Step 1: Create an S3 bucket and Glue database

export AWS_REGION=us-west-2
export ICEBERG_BUCKET=my-iceberg-demo-bucket
export GLUE_DB=rw_quickstart

aws s3 mb "s3://${ICEBERG_BUCKET}" --region "${AWS_REGION}"

# Athena needs an output location for query results
export ATHENA_OUTPUT="s3://${ICEBERG_BUCKET}/athena-results/"

aws glue create-database \
  --region "${AWS_REGION}" \
  --database-input "{\"Name\":\"${GLUE_DB}\"}"

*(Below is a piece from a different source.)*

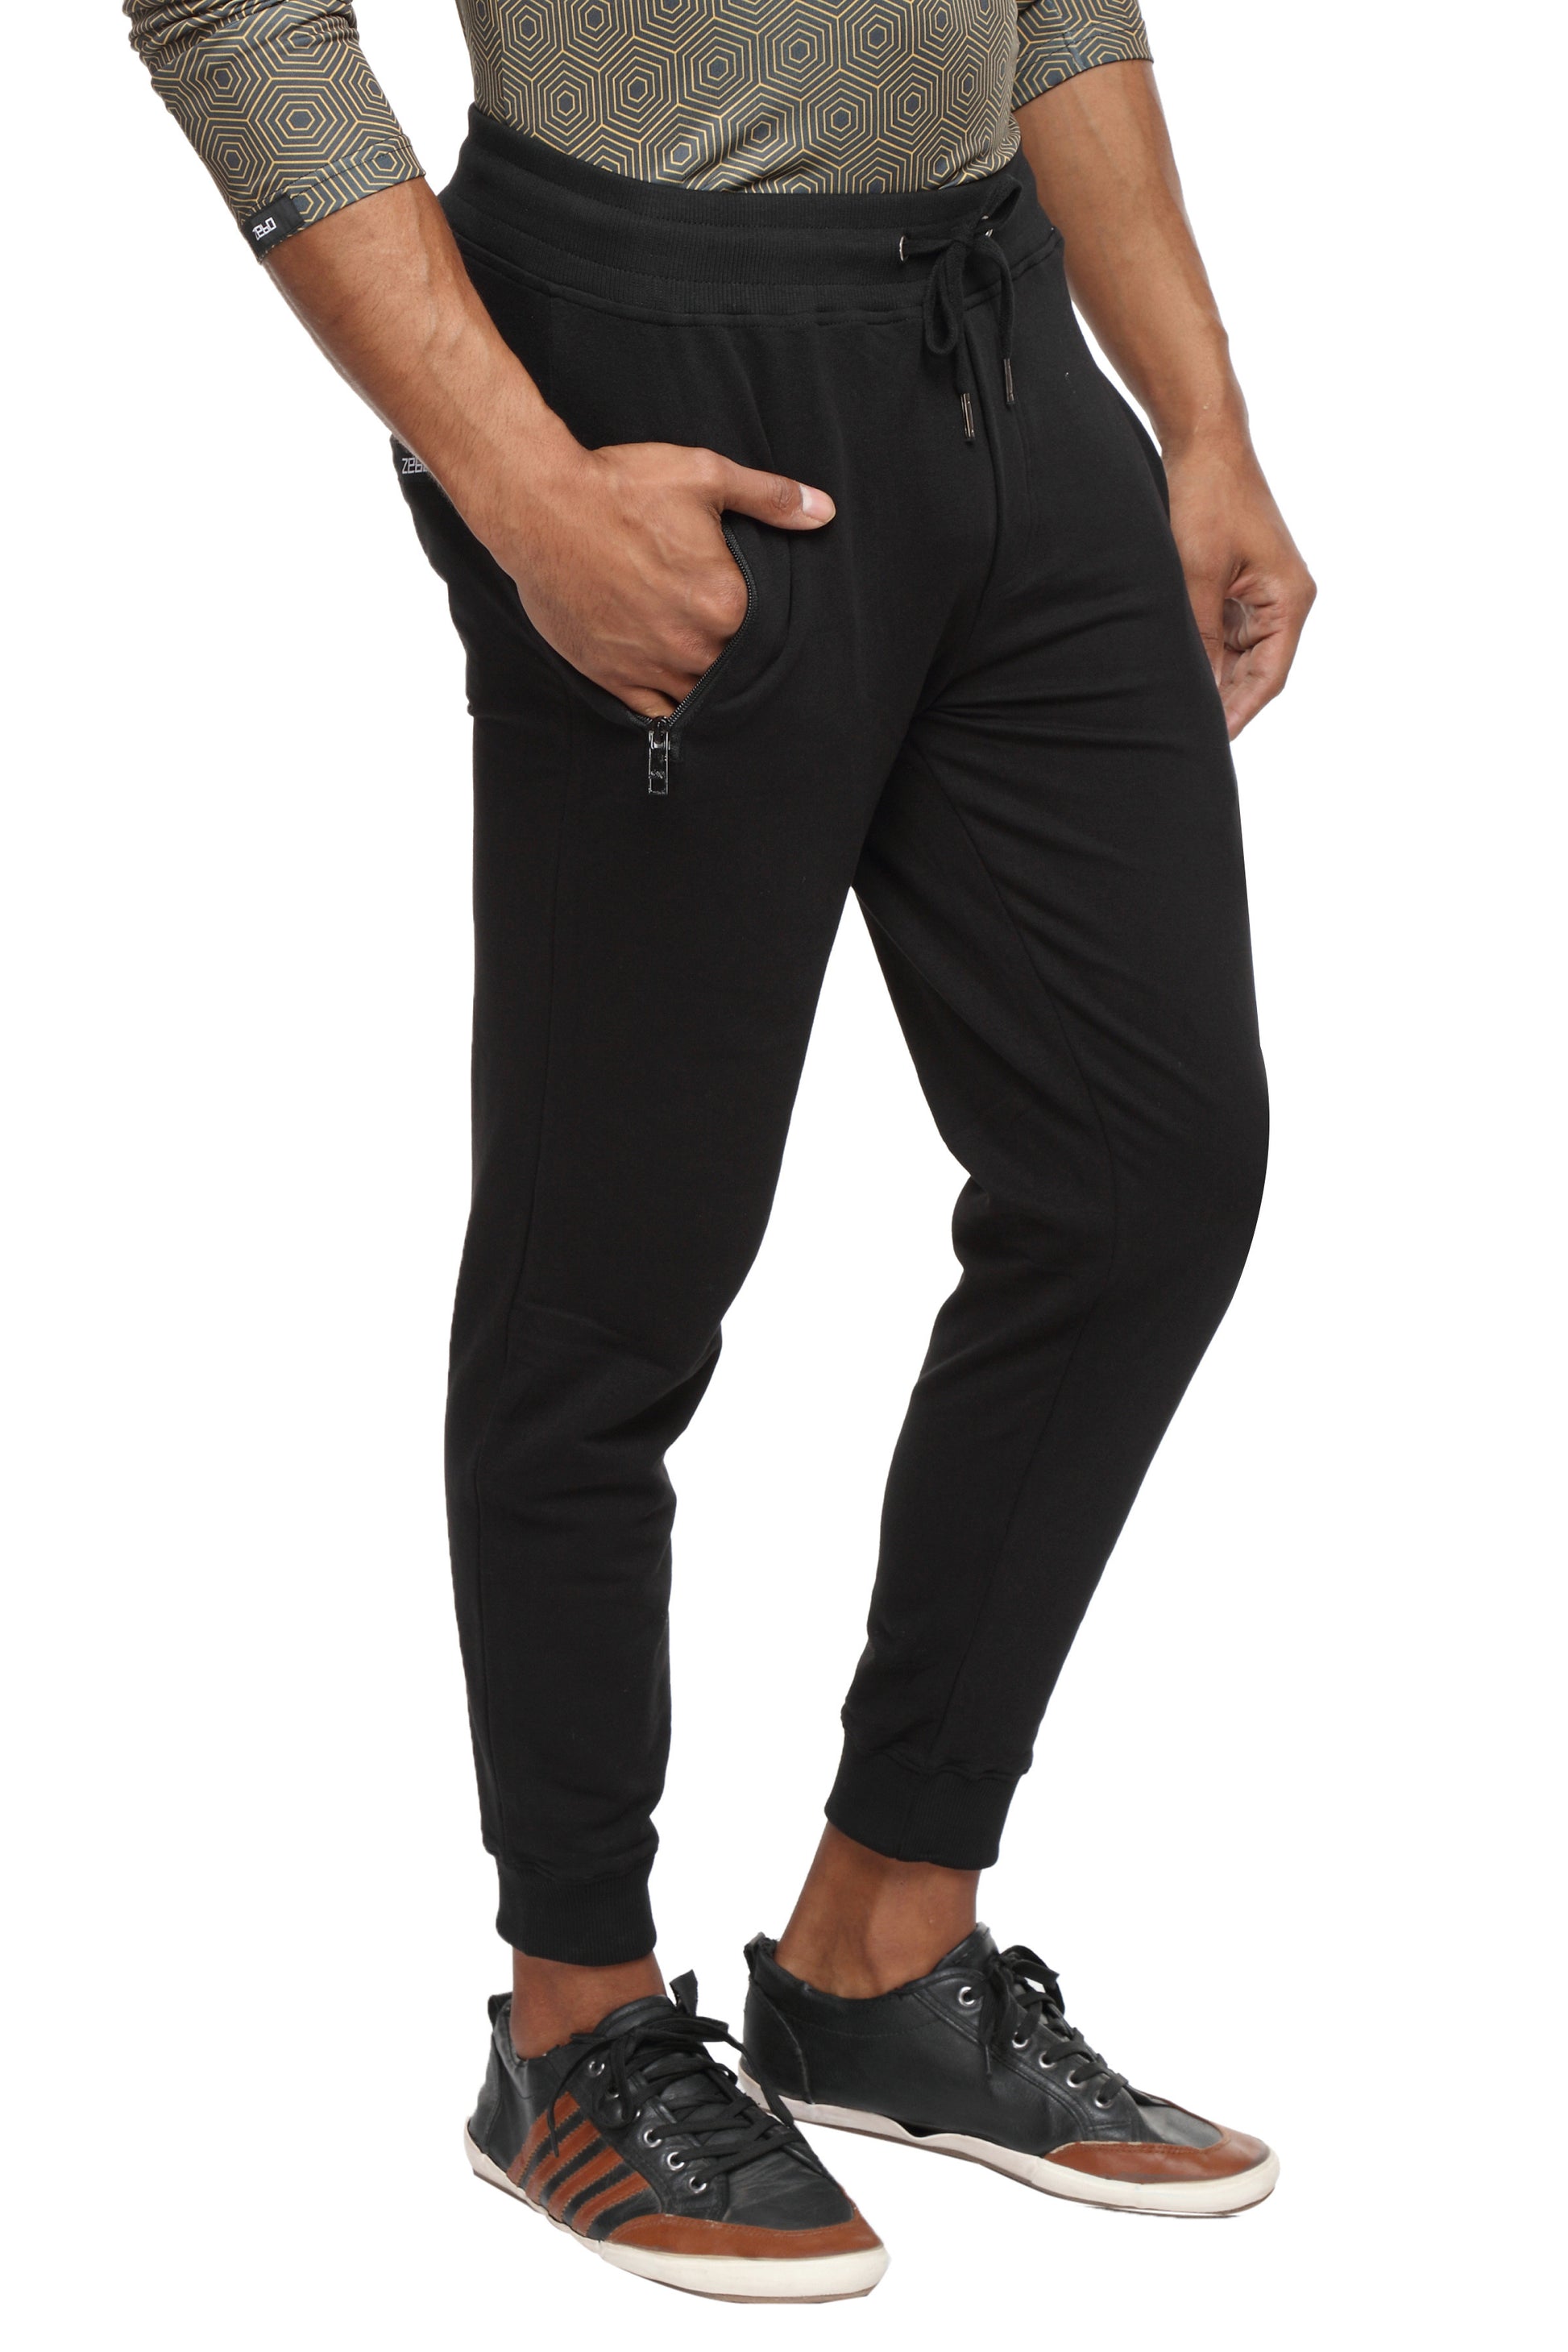 Slim fit cotton Joggers- Black - Zebo Active Wear

Step 2: Create an Iceberg table in Glue (via Athena)

Create the table:
aws athena start-query-execution \
  --region "${AWS_REGION}" \
  --query-string "CREATE TABLE ${GLUE_DB}.rw_events (id int, event_type string, event_ts timestamp) LOCATION 's3://${ICEBERG_BUCKET}/warehouse/${GLUE_DB}/rw_events/' TBLPROPERTIES ('table_type'='ICEBERG')" \
  --result-configuration "OutputLocation=${ATHENA_OUTPUT}"
Optionally insert some rows (so you can see data immediately when reading in RisingWave):
aws athena start-query-execution \
  --region "${AWS_REGION}" \
  --query-string "INSERT INTO ${GLUE_DB}.rw_events VALUES (100,'seed','2026-01-01 00:00:00'),(101,'seed','2026-01-01 00:01:00')" \
  --result-configuration "OutputLocation=${ATHENA_OUTPUT}"
For production usage, you should check the Athena query execution status before continuing. For brevity, this quickstart omits polling.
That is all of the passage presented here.